Bewertung:

Das Buch bietet einen umfassenden und fesselnden Überblick über Woodrow Wilsons Rolle bei der Entstehung des Ersten Weltkriegs und verbindet politische und militärische Geschichte mit zahlreichen Anekdoten und einer gut recherchierten Erzählung.
Vorteile:⬤ Gut recherchiert und gut lesbar
⬤ bietet neue Perspektiven auf Wilson und die Beteiligung der USA am Ersten Weltkrieg
⬤ enthält interessante Anekdoten
⬤ präsentiert sowohl politische als auch militärische Aspekte
⬤ enthält einen nützlichen bibliographischen Essay.
Einige Rezensenten wiesen auf die Subjektivität des Autors hin und darauf, dass sich das Buch stark auf die politische Geschichte stützt, was nicht alle Leser ansprechen dürfte.
(basierend auf 4 Leserbewertungen)
More Precious Than Peace: A New History of America in World War I
Justus D. Doeneckes monumentale Studie deckt die diplomatischen, militärischen und ideologischen Aspekte der Beteiligung der USA am Ersten Weltkrieg in vollem Umfang ab.
Der Eintritt Amerikas in den "Krieg, der alle Kriege beenden sollte" im April 1917 markiert einen der wichtigsten Wendepunkte in der Geschichte der Nation. Innerhalb von nur neunzehn Monaten entsandten die Vereinigten Staaten fast zwei Millionen Soldaten nach Übersee, bauten einen starken Propagandaapparat auf und schufen eine beispiellose Kriegsmaschinerie, die maßgeblich zum Sieg der Alliierten im Herbst 1918 beitrug. An der Spitze der Nation kämpften Woodrow Wilson und seine Regierung mit politischen Unstimmigkeiten, nationalen und internationalen Kontroversen und ihrer eigenen mangelnden Erfahrung in der Führung eines massiven Kriegseinsatzes.

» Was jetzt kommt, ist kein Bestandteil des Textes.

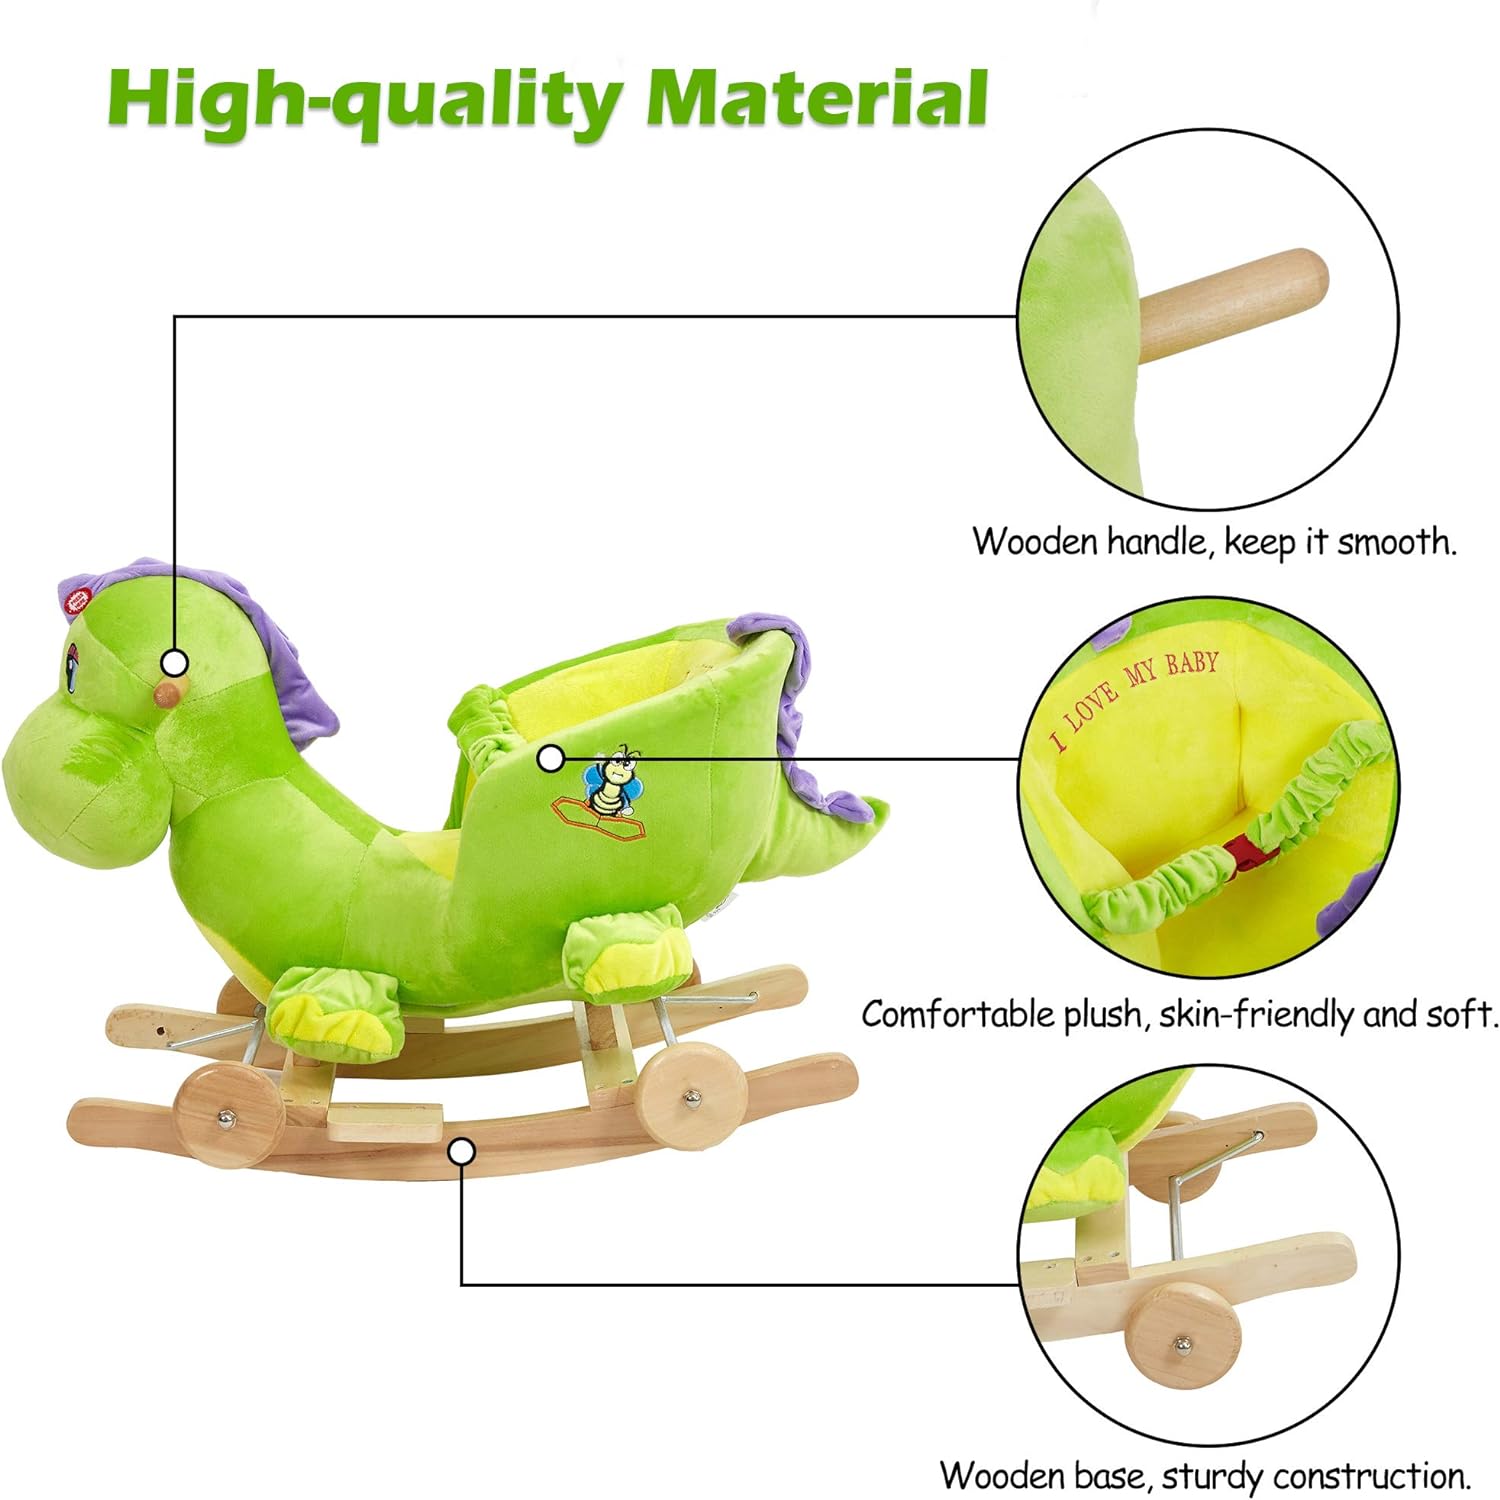 2-in-1 Ride-on Wooden Plush Rocking Horse Chair with Music for Baby Kids Toddlers, Green Dinosaur - Luckyermore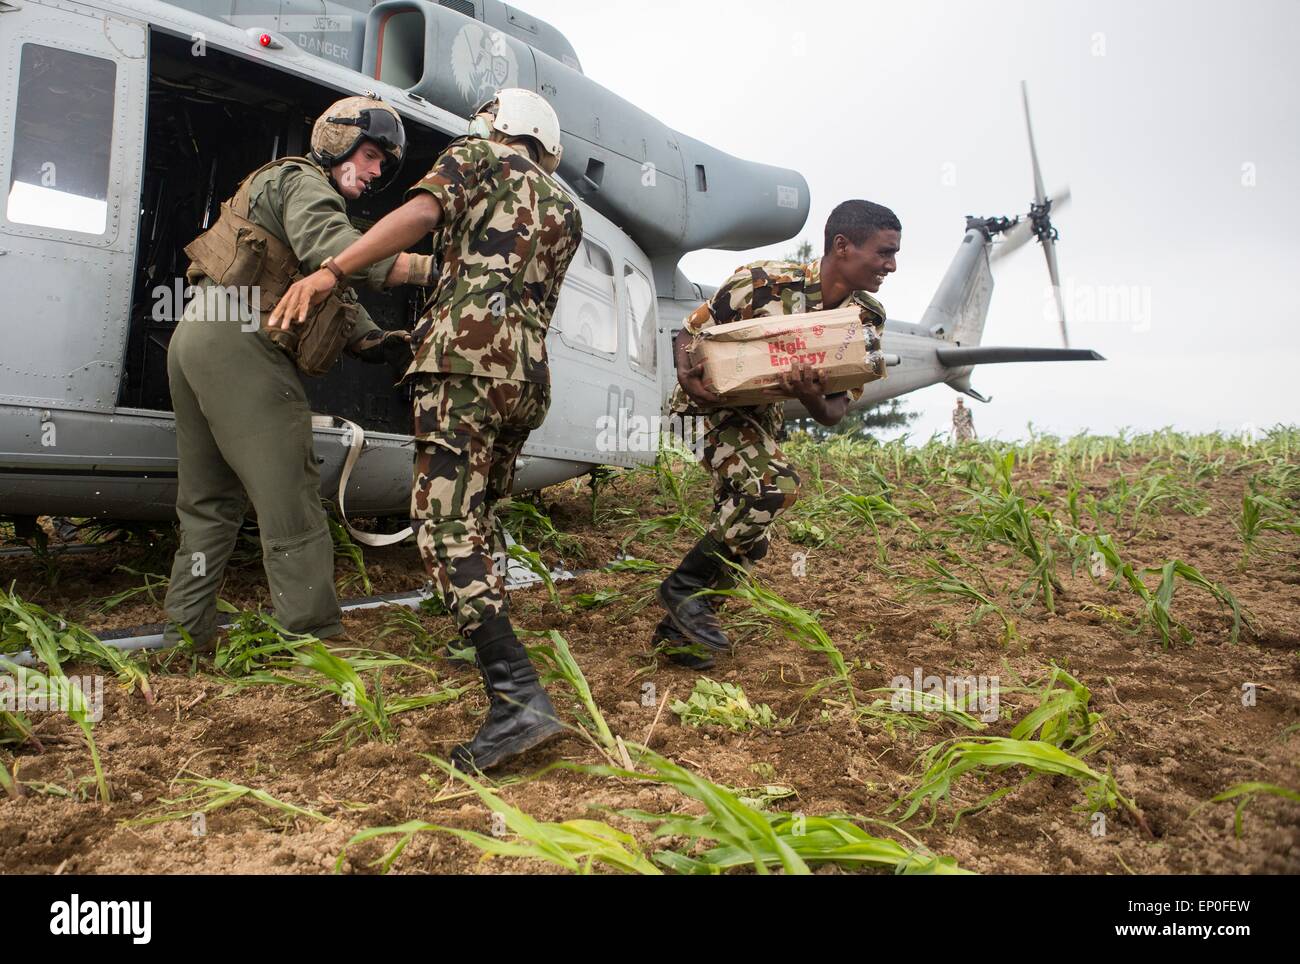 Kathmandu, Nepal. 10th May, 2015. Nepalese military service members unload supplies from a U.S. Marine UH-1Y Huey helicopter during a aid relief mission into remote areas following massive earthquakes that struck the mountain kingdom May 11, 2014 in Kavrepalanchowk District, Nepal. Stock Photo

In More Precious than Peace, dem lang erwarteten Nachfolger seines von der Kritik hochgelobten Werks Nothing Less than War, untersucht Justus D. Doenecke die gesamte amerikanische Erfahrung als vollwertiger Kriegsteilnehmer im Ersten Weltkrieg. Doenecke untersucht das Streben der Wilson-Regierung nach nationaler Einheit, den Creel-Ausschuss und "patriotische" Kreuzzüge. Indem er diese und viele andere Themen miteinander verwebt, darunter die Reaktion der USA auf die russischen Revolutionen, schafft Doenecke eine lebendige und umfassende Darstellung. Auf der Grundlage beeindruckender Forschungsergebnisse stellt diese ausgewogene Bewertung historiografische Kontroversen in Frage und wird für Studenten, Wissenschaftler und alle Leser, die sich für die Geschichte des Ersten Weltkriegs interessieren, von großem Nutzen sein.